In a first approximation, the Earth’s crust consists of silicate rocks. Chemical weathering reactions of these rocks lead to the in situ formation of amorphous silica at silicate mineral surfaces1 or release of silica into aqueous fluids, followed by amorphous nanoparticle precipitation through organic and inorganic processes2,3,4,5. In recent years, amorphous nanoparticles have increasingly been identified as fundamental precursors for crystal formation and growth processes in natural systems6,7. These processes are classified as crystallization by particle attachment (CPA) (ref.8). However, despite its ubiquitous nature and prototype character for synthetic colloidal crystals9, fundamental knowledge of silica nanoparticle formation and ordering processes in nature is limited4,10. This knowledge gap also includes the globally widespread interaction of calcium carbonate minerals with amorphous silica11,12,13. Our analytical results and schematic model fill this gap and show that calcite dissolution and silica precipitation are linked by a fluid-mediated replacement process that transfers atomic crystallographic information to an amorphous, mesoscale-ordered material in a natural weathering environment.
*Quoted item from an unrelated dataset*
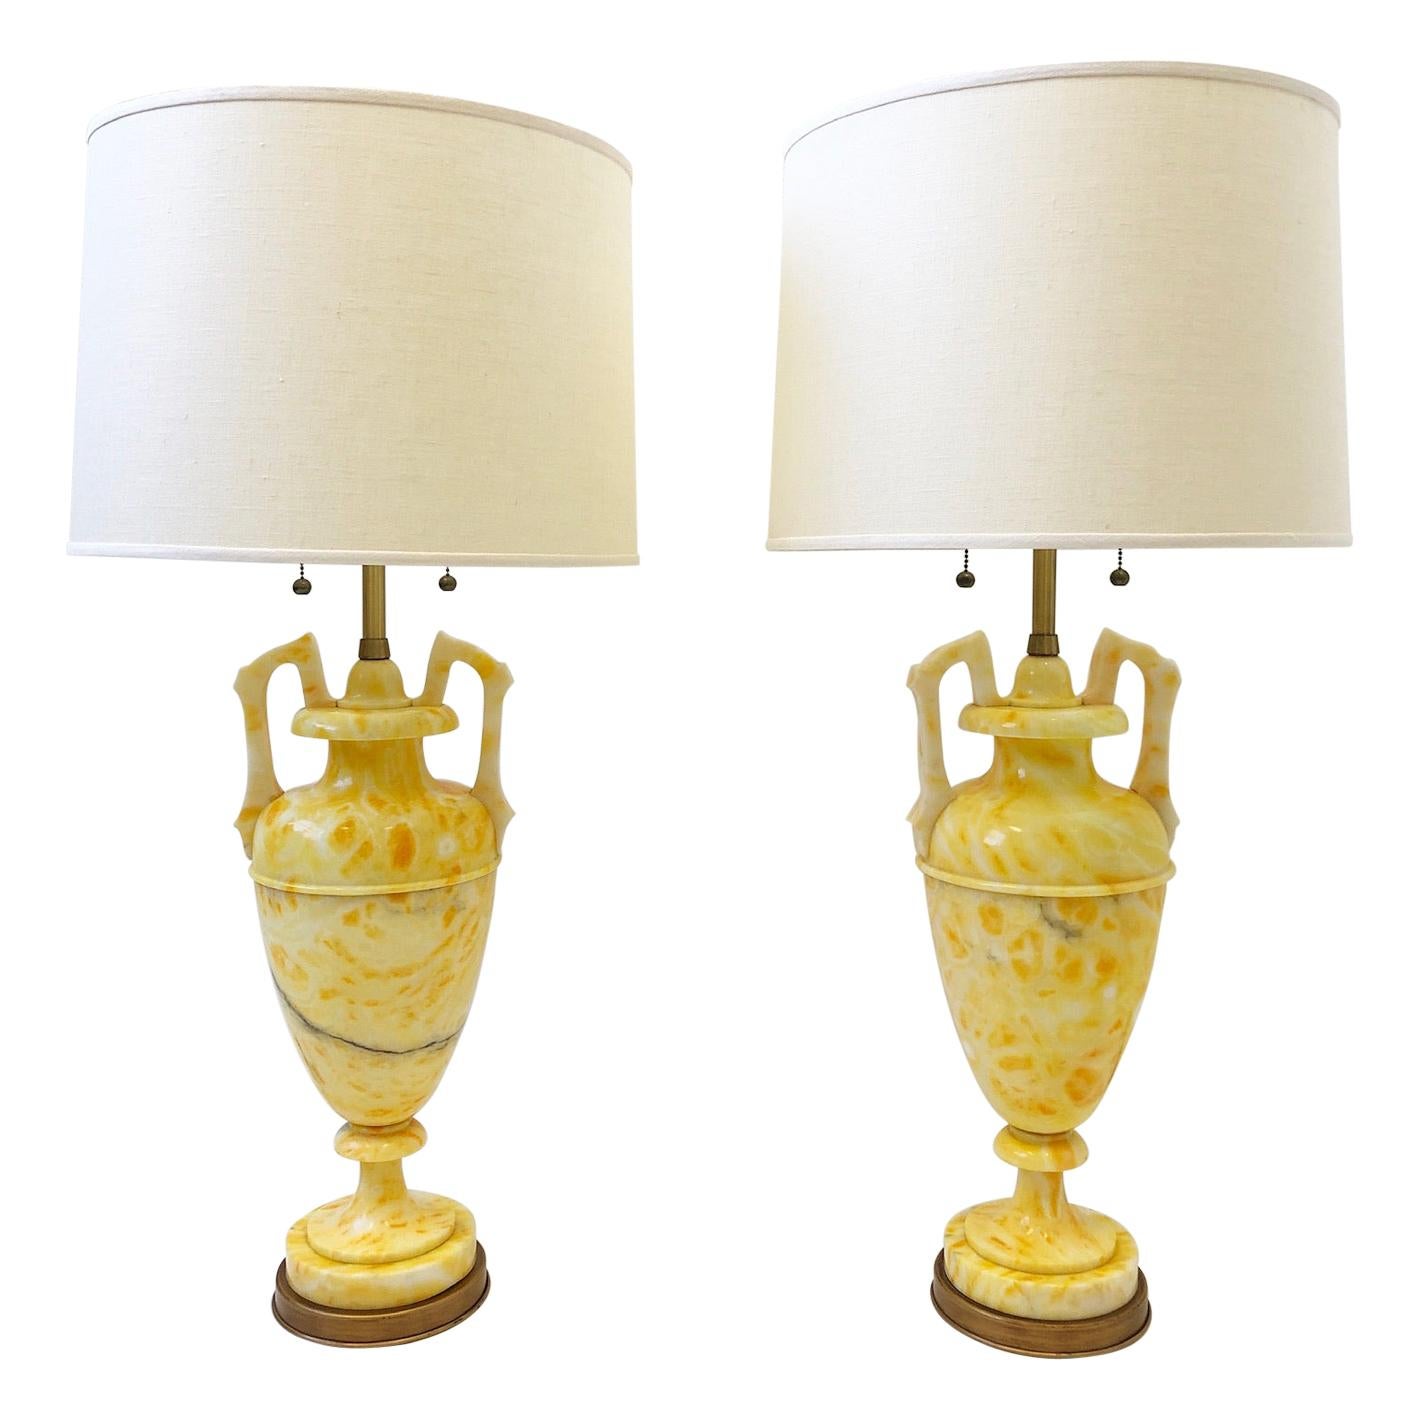 Pair of Italian Yellow Marble and Brass Table Lamps by Marbro Lamp Co.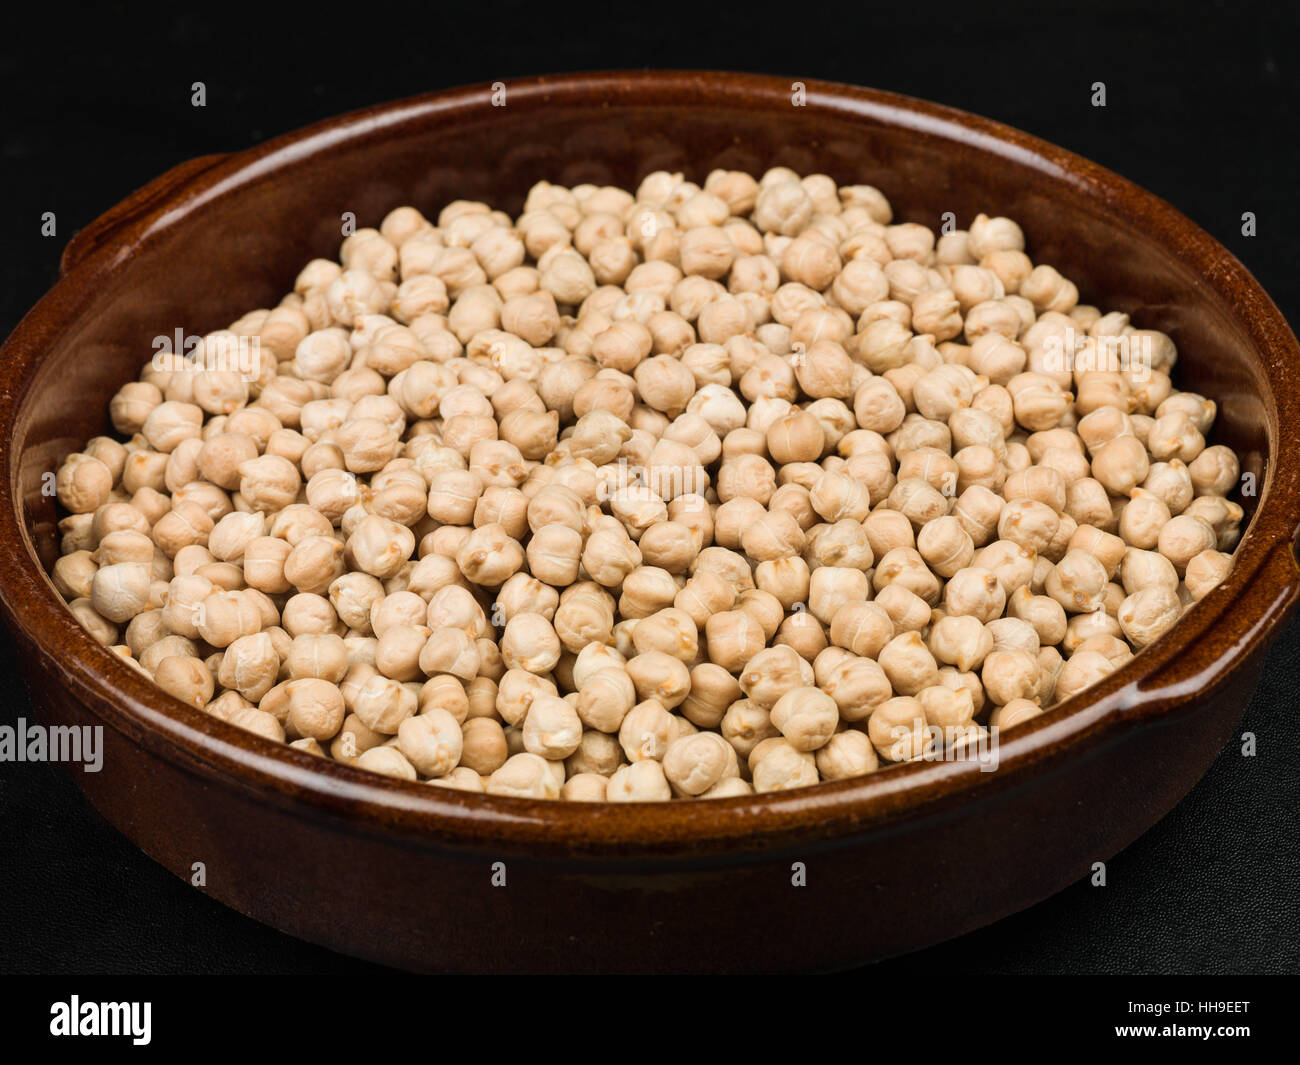 Bowl of Uncooked Chickpeas Cooking Ingredients Stock Photo

Photonic crystals retain calcite crystallography

To demonstrate silica nanoparticle interaction and ordering processes, we use silica-replaced bivalve shells collected at Coober Pedy (South Australia) from unsilicified Early Cretaceous Bulldog Shale - a deeply chemically weathered, kaolinitic, marine siltstone (Supplementary Fig. S1). Transmitted light microscopy reveals that the investigated shells consist of a mosaic of anhedral, randomly oriented, optical photonic crystals up to 2.5 mm in size. Microdiffraction data confirm the X-ray amorphous nature of the studied material (Supplementary Fig. S2). The colors of the crystals cover the visible spectrum and upon rotation on the microscope stage, both color and intensity change. Figure 1 shows that observation between crossed polarizers reveals parallel striations (3-32 µm wide) that mimic polysynthetic twin lamellae on trigonal {018} indicative of recrystallized calcite (CaCO3). The twinned condition of the lamellae is visible as a periodic color variation in an A-B-A-B pattern. Within some lamellae, thin straight lines intersect with twin planes at an angle of 71.2 ± 1.5° (Fig. 1b). This angle compares closely with the angle between co-zonar calcite {104} cleavage and {018} twin planes at 70.75° (ref.14); thus, it evidences that the replacement reaction is intimately coupled to calcite crystallographic orientations. The color variations of the photonic crystals arise from Bragg diffraction effects from colloidal arrays, visualized directly by scanning electron microscopy (SEM), showing that the crystals consist of coherently ordered silica spheres and air-filled pores (Fig. 2a). The sphere arrays perfectly replicate the twin lamellae of calcite in periodically changing orientations. The average sphere diameter varies between samples from 270–400 nm (size dispersion <3.5%). Mild hydrofluoric acid etching of the spheres reveals internal core-shell structures with up to three concentric layers (Fig. 2b). These structures consist of spherical particles 30 ± 2 nm in diameter, which indicates that, at least in the final stage, particle aggregation is the major sphere growth mechanism.

Figure 1
figure 1

Microphotographs of silica photonic crystals between crossed polarizers. (a) Striated photonic crystals with different colors and orientations. (b) Crystals display lamellae with periodically alternating colors. Twin (TP) and cleavage (CP) planes are consistent with calcite crystallographic orientations. Scale bars are 100 µm.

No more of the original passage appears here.